» What you have to do:
With the images removed, transcribe the listing that follows exactly.

» Collected data:
┏━━

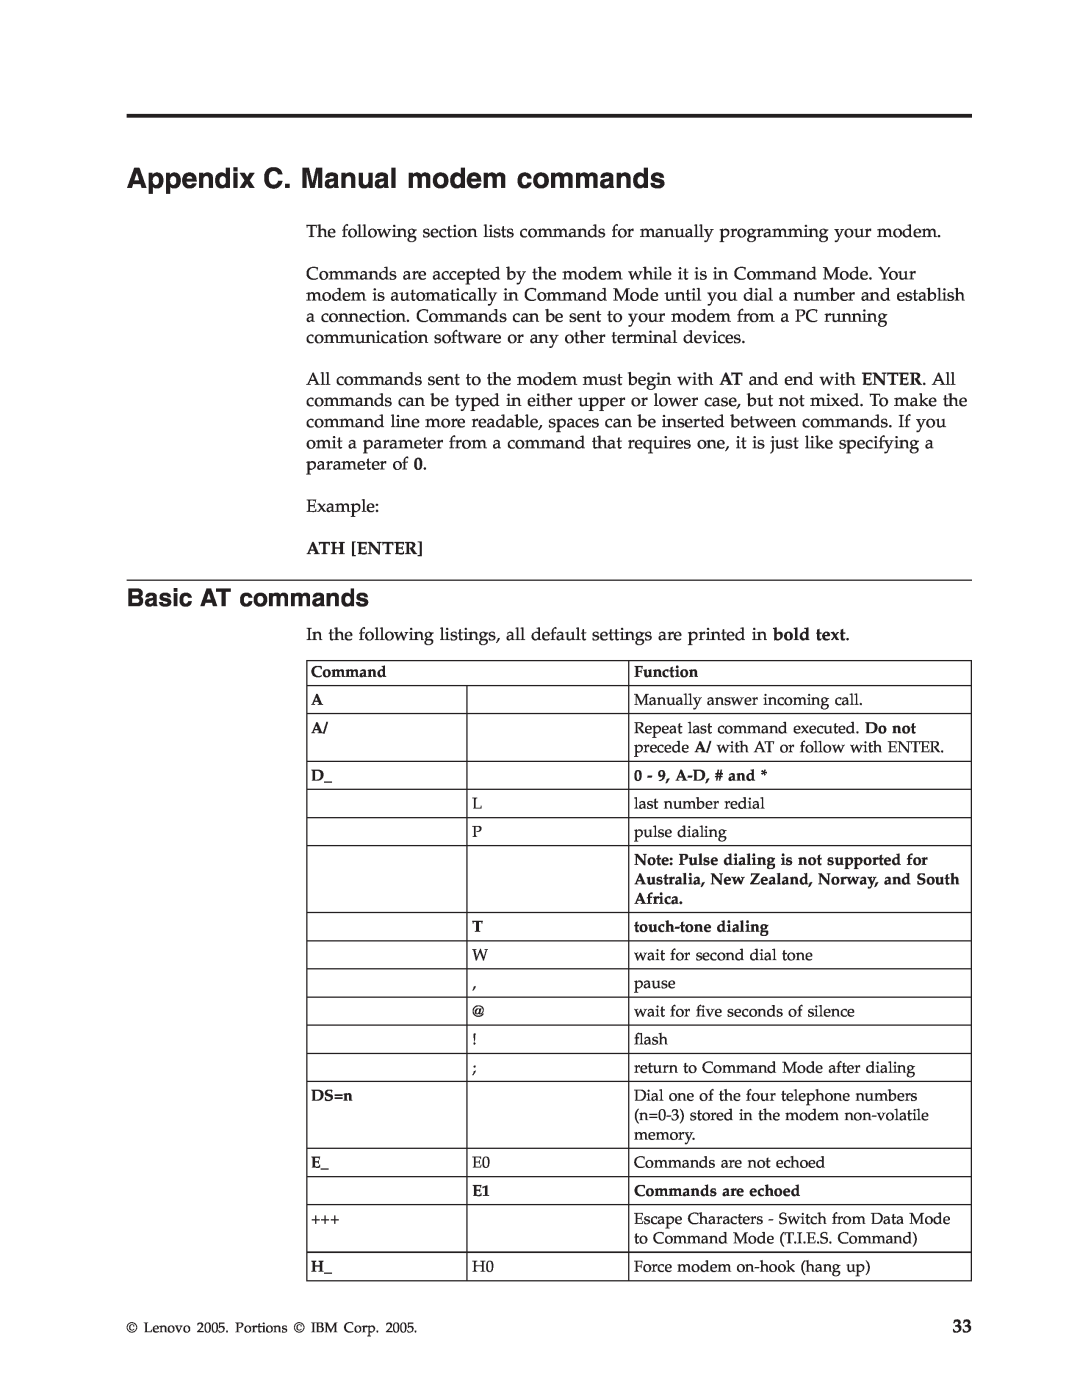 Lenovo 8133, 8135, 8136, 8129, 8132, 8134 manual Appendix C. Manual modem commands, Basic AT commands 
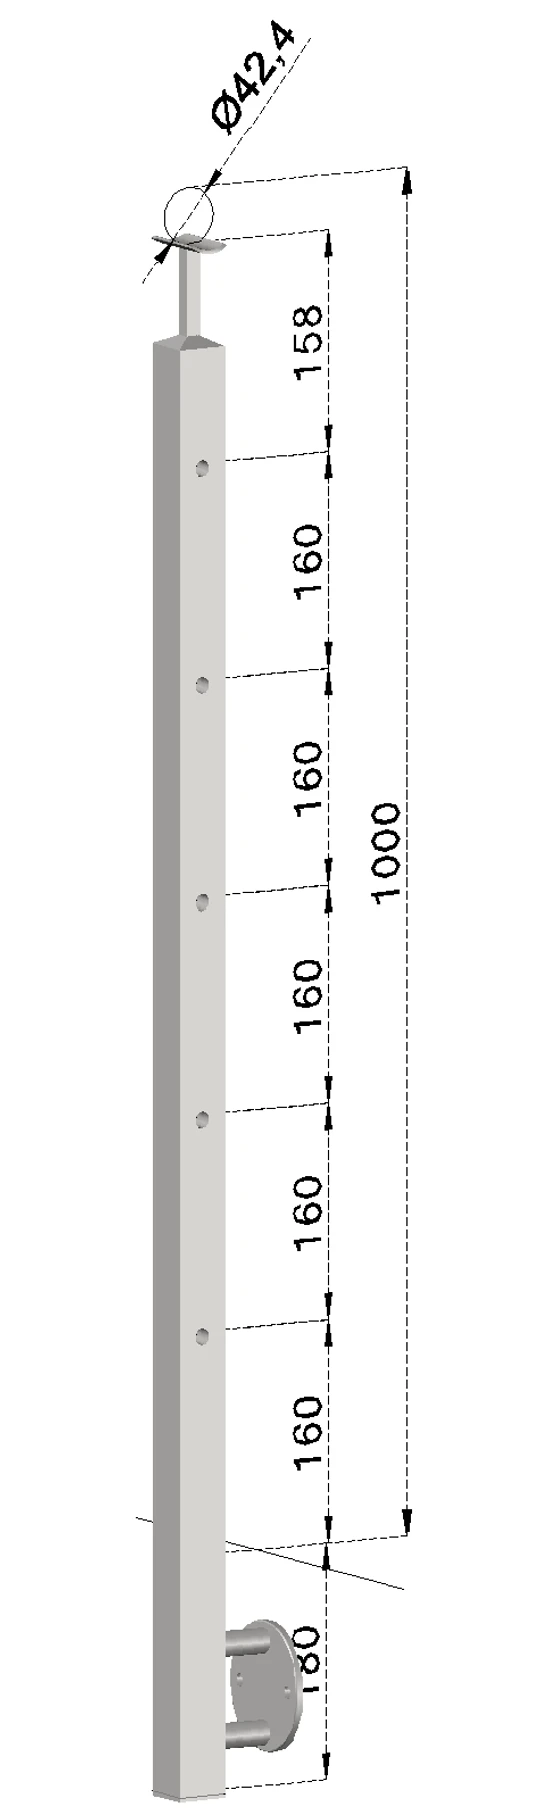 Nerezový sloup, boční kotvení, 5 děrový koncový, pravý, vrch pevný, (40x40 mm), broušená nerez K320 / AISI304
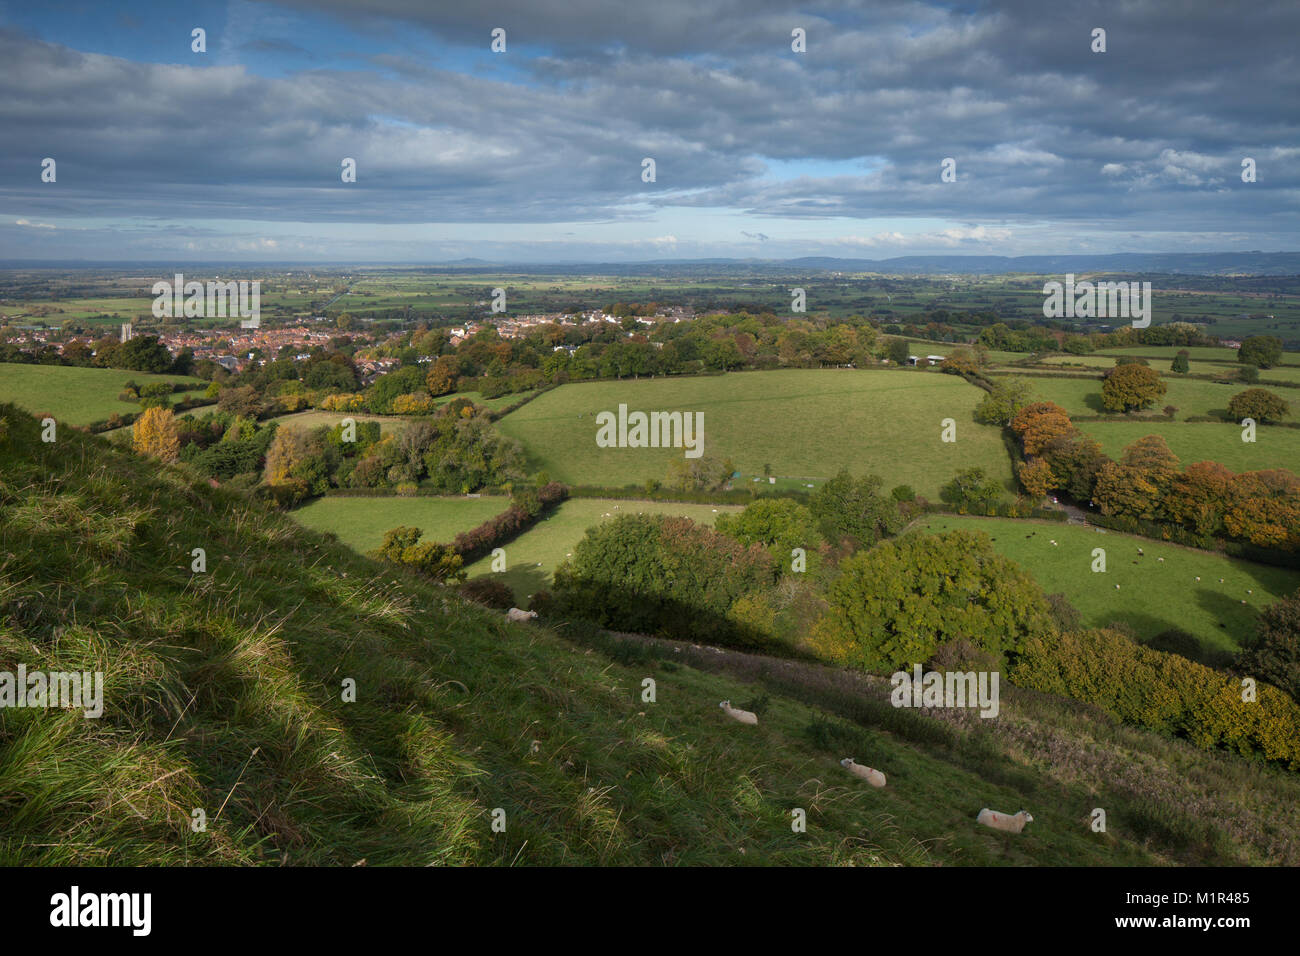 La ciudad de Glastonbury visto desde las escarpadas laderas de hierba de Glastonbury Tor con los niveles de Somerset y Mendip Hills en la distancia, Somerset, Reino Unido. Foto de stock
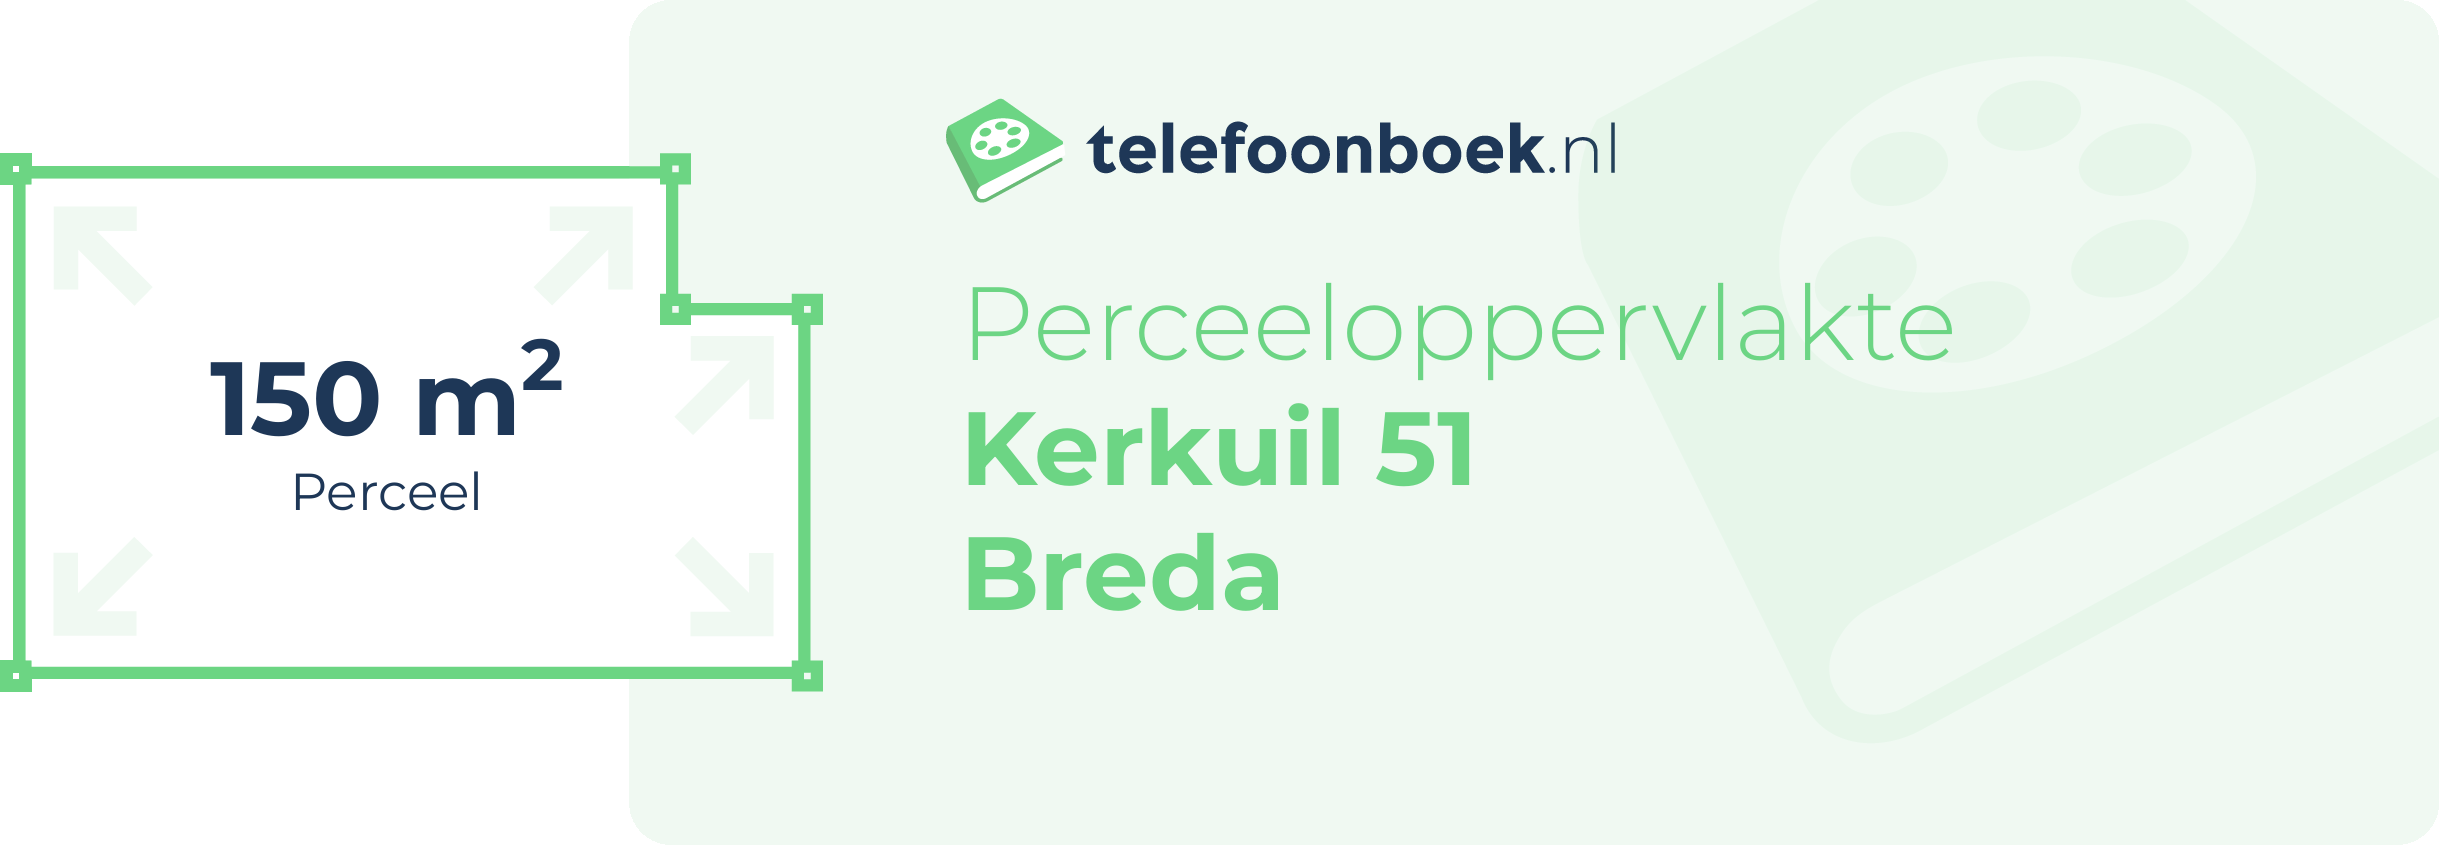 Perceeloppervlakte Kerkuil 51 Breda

┗━━

» Final answer:
 Lenovo 8133, 8135, 8136, 8129, 8132, 8134 manual Appendix C. Manual modem commands, Basic AT commands 
 Nerezový sloup, boční kotvení, 5 děrový koncový, pravý, vrch pevný, (40x40 mm), broušená nerez K320 / AISI304
 La ciudad de Glastonbury visto desde las escarpadas laderas de hierba de Glastonbury Tor con los niveles de Somerset y Mendip Hills en la distancia, Somerset, Reino Unido. Foto de stock
 Perceeloppervlakte Kerkuil 51 Breda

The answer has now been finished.